▶ **Task instructions**
Starting at the line below with "En cifras: La" and stopping at the line with "재판 출석하는 김혜경", please print each line exactly, those two included, and skip every picture.
**** Material supplied ****
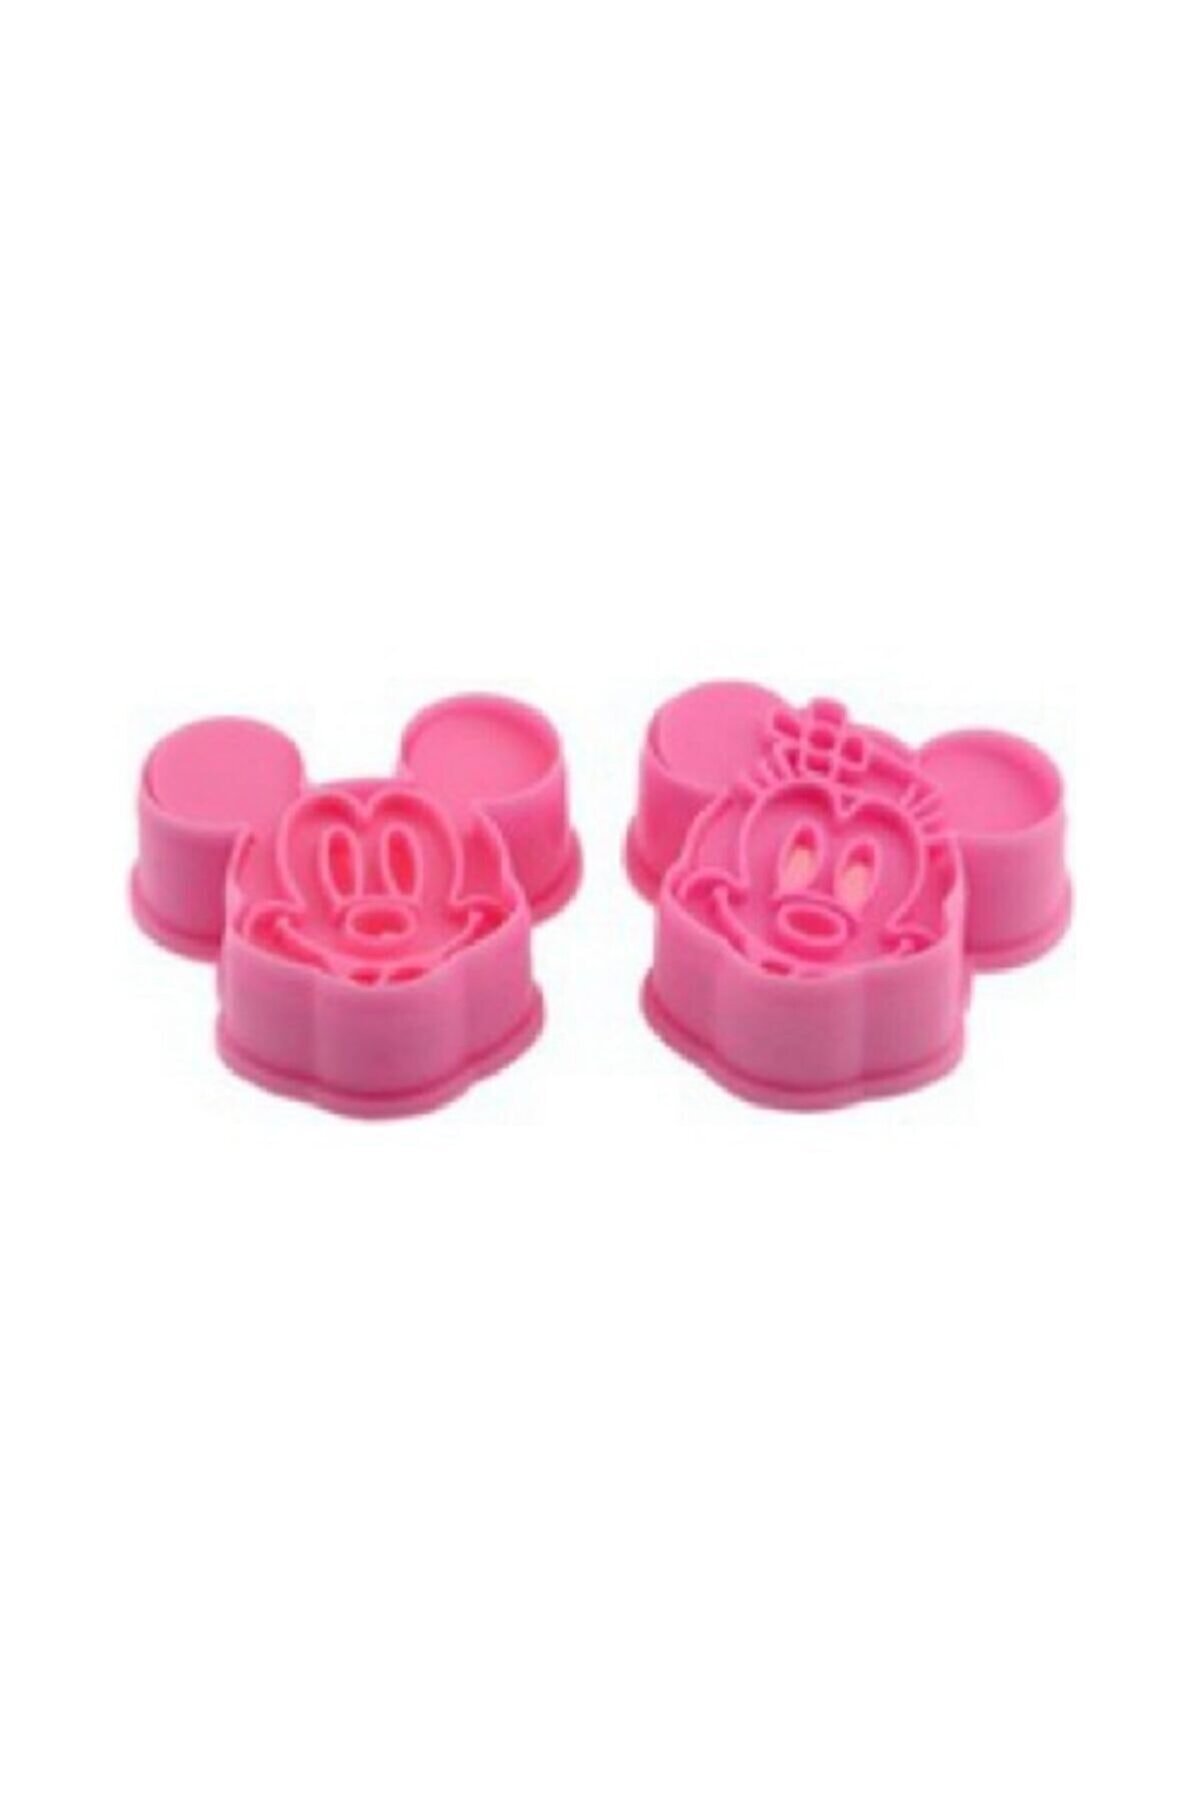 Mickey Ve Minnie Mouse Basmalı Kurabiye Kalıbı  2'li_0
****
**** Material supplied ****
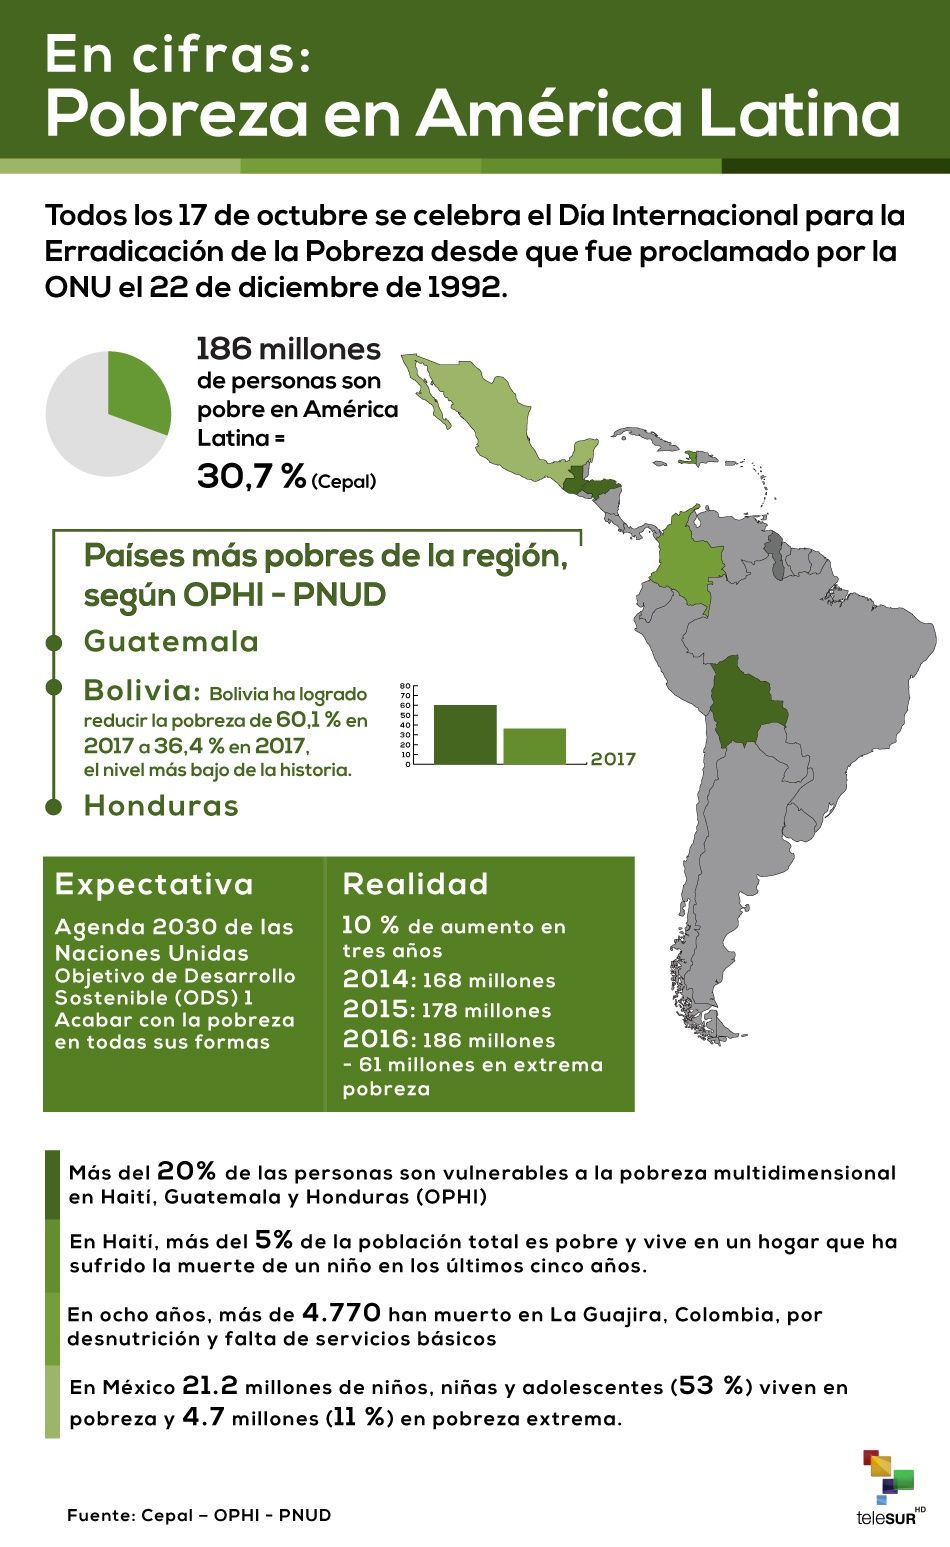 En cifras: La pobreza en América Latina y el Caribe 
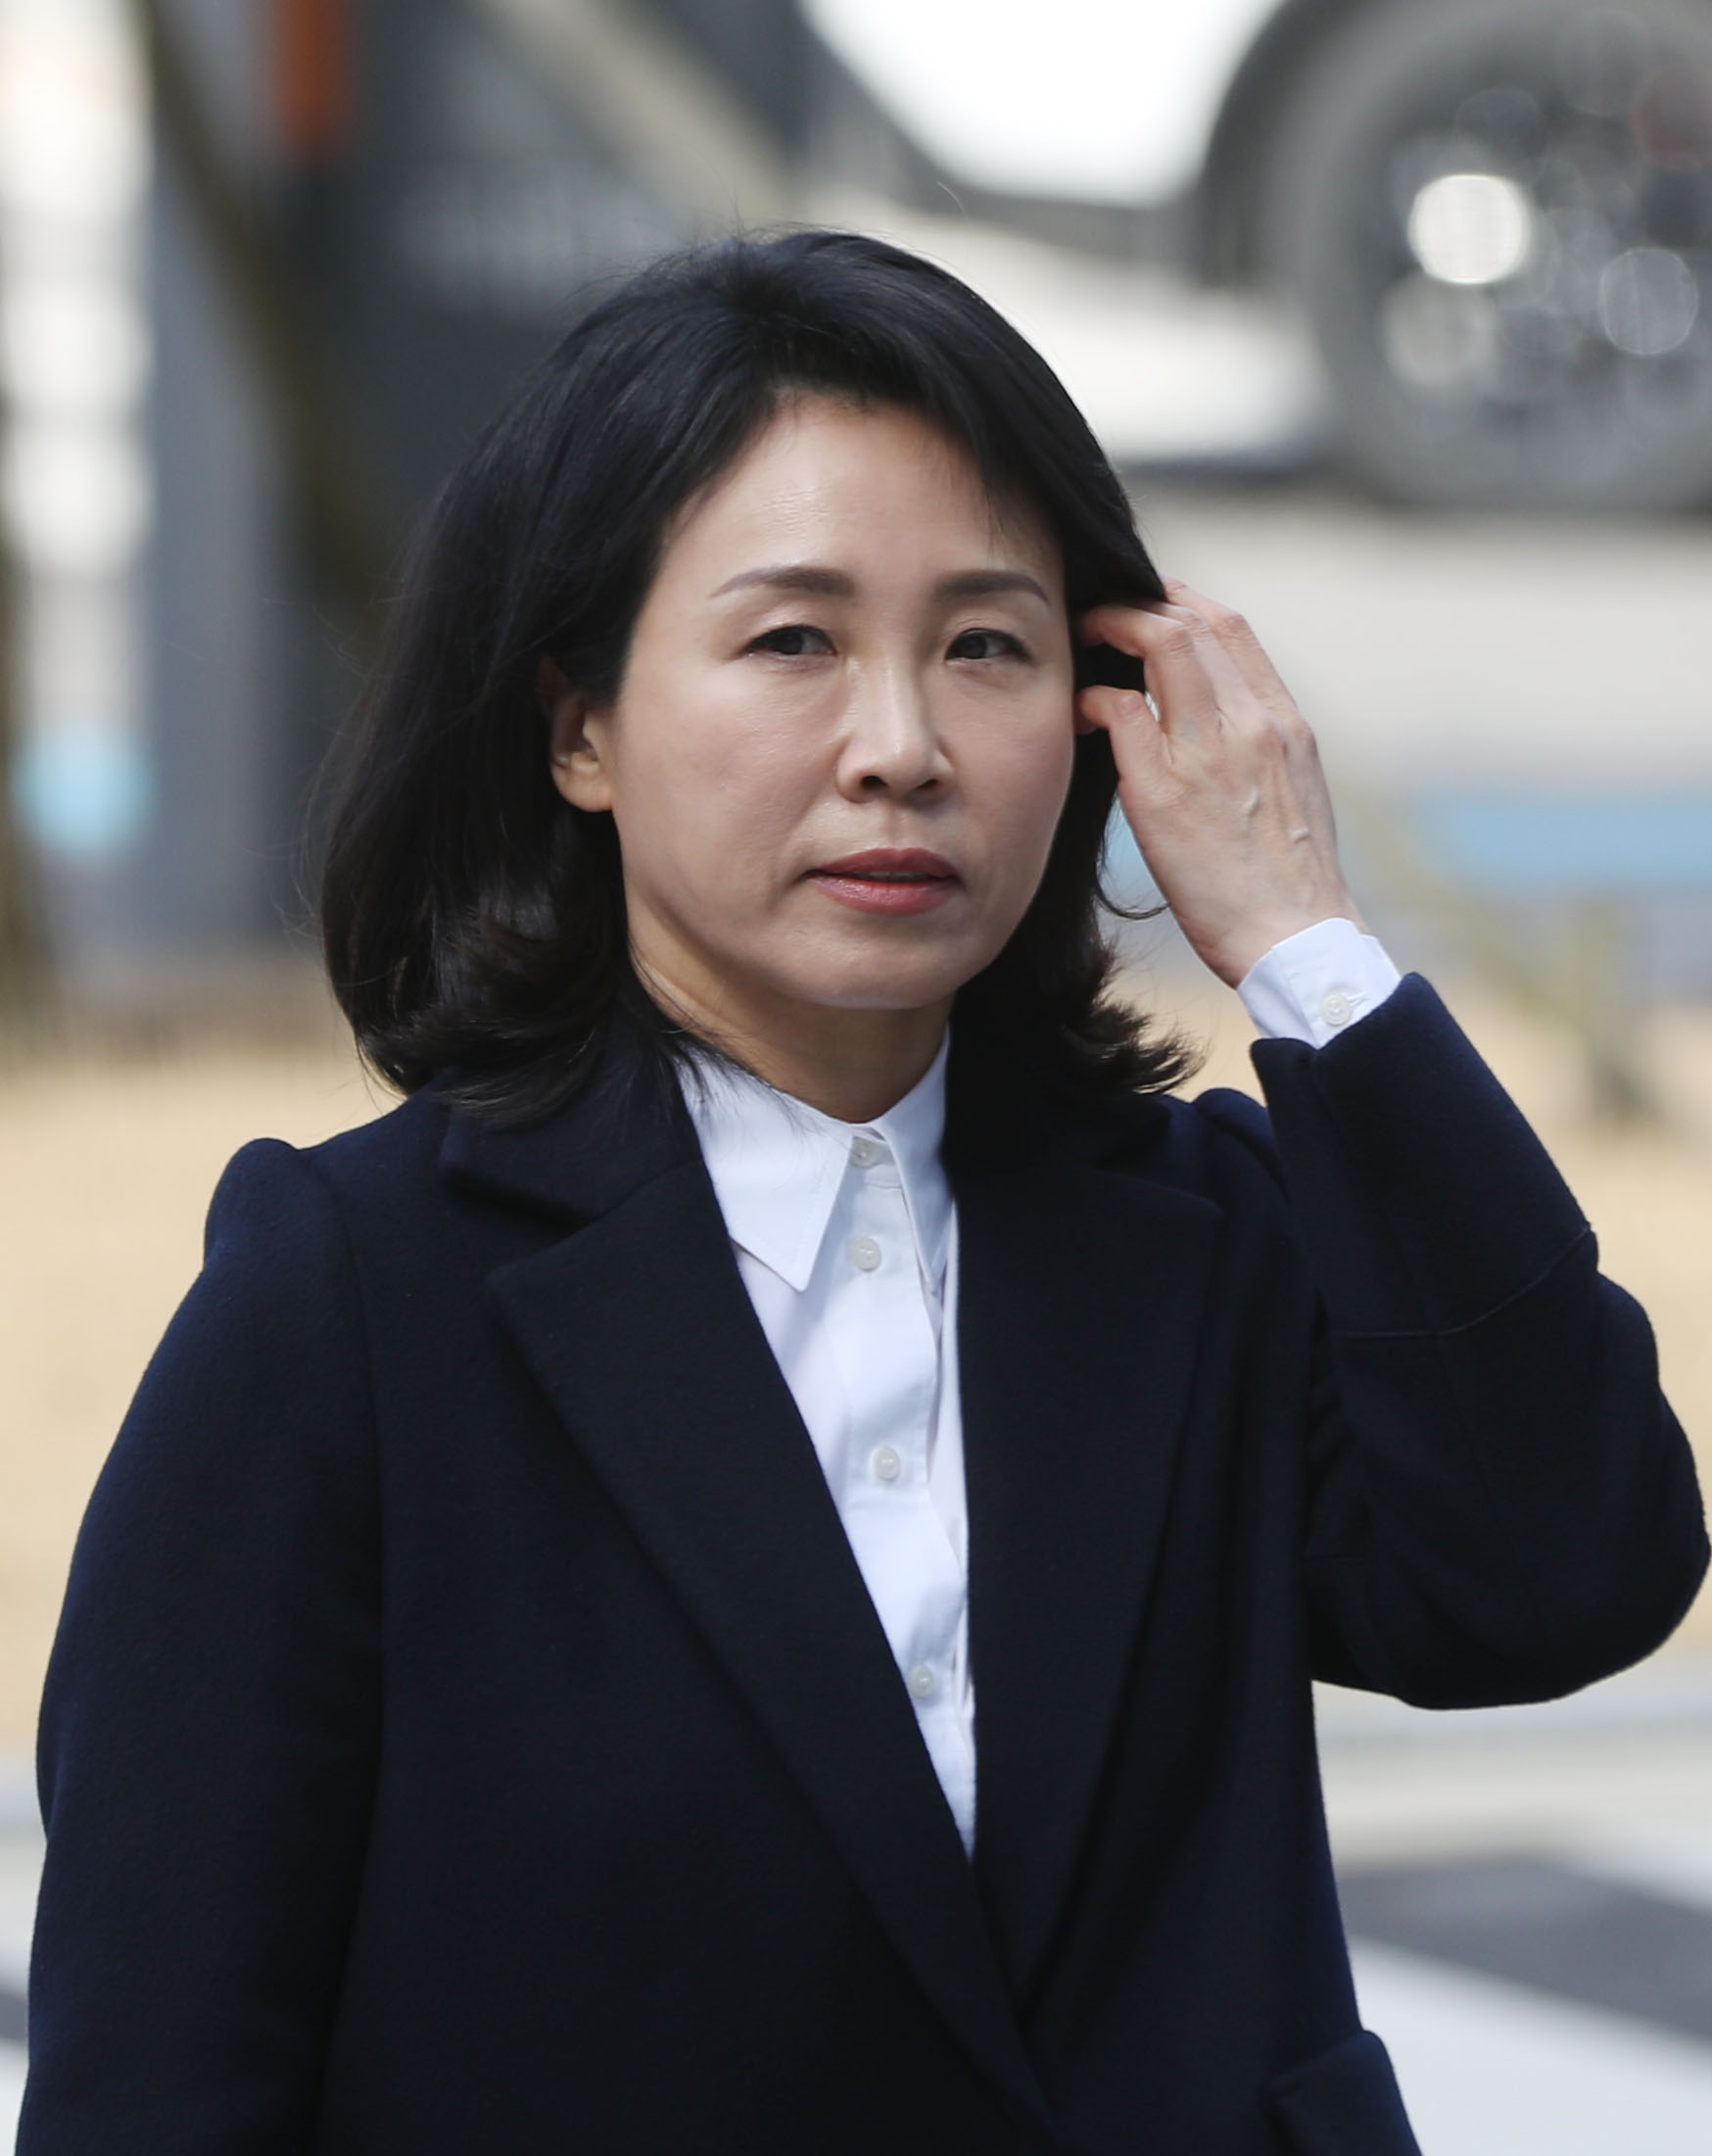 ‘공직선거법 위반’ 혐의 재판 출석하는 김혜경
****
▶ **Exercise response**
 En cifras: La pobreza en América Latina y el Caribe 
 ‘공직선거법 위반’ 혐의 재판 출석하는 김혜경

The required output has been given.